I looked over my jeans and didn’t see any, but I couldn’t be sure at the time if I had any on me. But the hunt must continue, so we headed to another public hunting area. We parked at a farm that had been bought by New York City. They buy plots of land that flow into the city’s reservoirs. This particular farm is open to hunting and is regularly populated with pheasants.

After parking, we saw two hunters approaching a field across the road. When they got to their trucks, we spoke with them. They shot a pheasant and two woodcock but said they missed several pheasants the day before. After exchanging stories, we left with the dogs in mind.

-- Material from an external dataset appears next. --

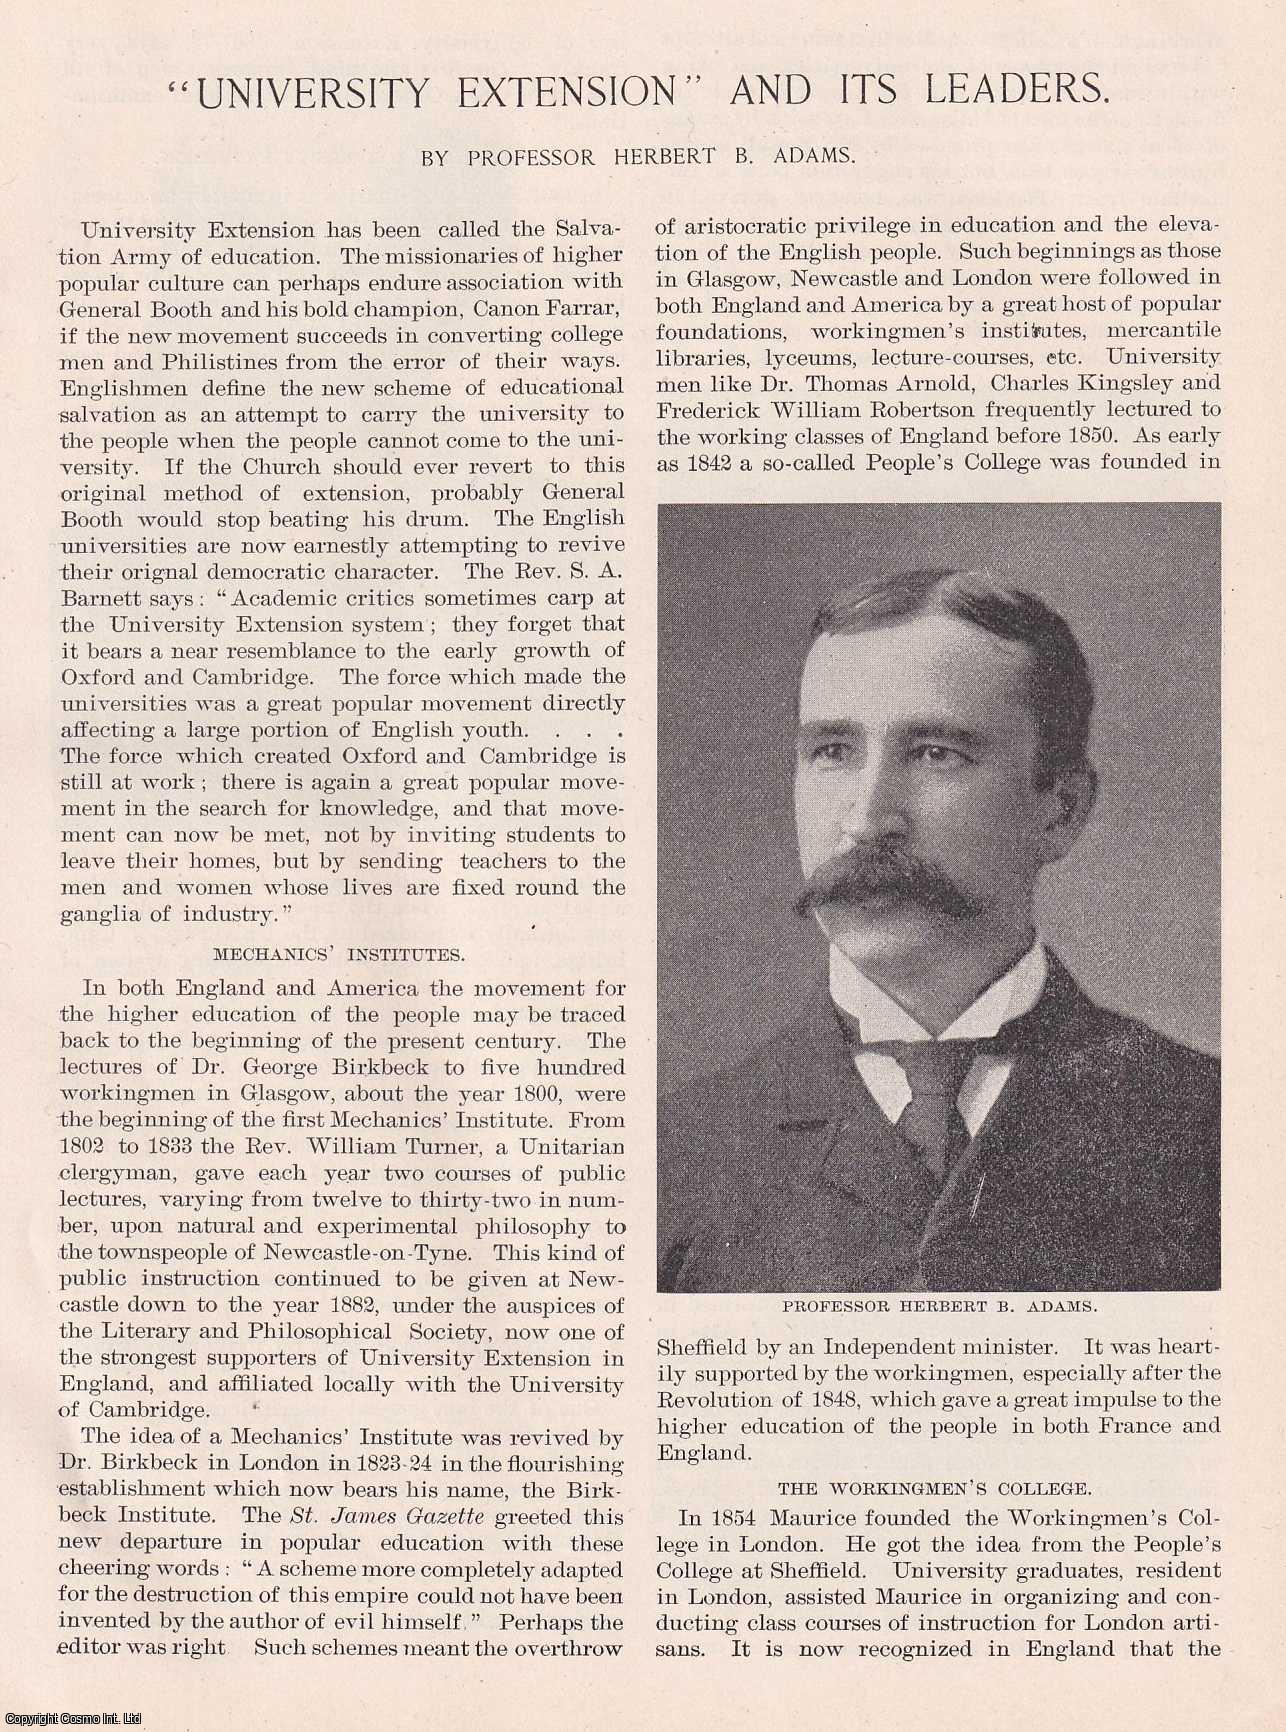 Prof. Herbert B. Adams - University Extension and Its Leaders. The popularisation of higher education. An original article from the American Review of Reviews, 1891.

Tim and his Banjo dog took the lower section with Randy and his two labs in the middle with me higher up in the old overgrown pasture. Suddenly, a pheasant hen sprang up from the thick blanket. Tim shot once and the bird folded in front of him. The three dogs ran to where the hen fell, but she must have touched the ground while running. They tend to do that. Tim and Randy recalled their dogs as they approached the busy county road.

We climbed the hill along an old rock face and into an old apple orchard. Dudley was in front of me and reared a brightly colored rooster. I stopped and shot, but missed the bird cleanly. My second shot was no better. I couldn’t believe I missed this cock. He was right there in front of me. Then I remembered I had new bifocal glasses, and I missed the flies with the three inch fly swatter. I wondered if the glasses made the difference. I know before I hunt again I’m going to try clay birds with and without those pesky glasses. They also made other things quite difficult.

Tim missed another longtail rooster and that was it for the day. If we had points it would be two and a half pheasants and zero hunters. It’s okay, but next time it’ll be different.

I showered on the way home and found no ticks. I guess I was lucky this time. But remember: they are out there just waiting for your passage.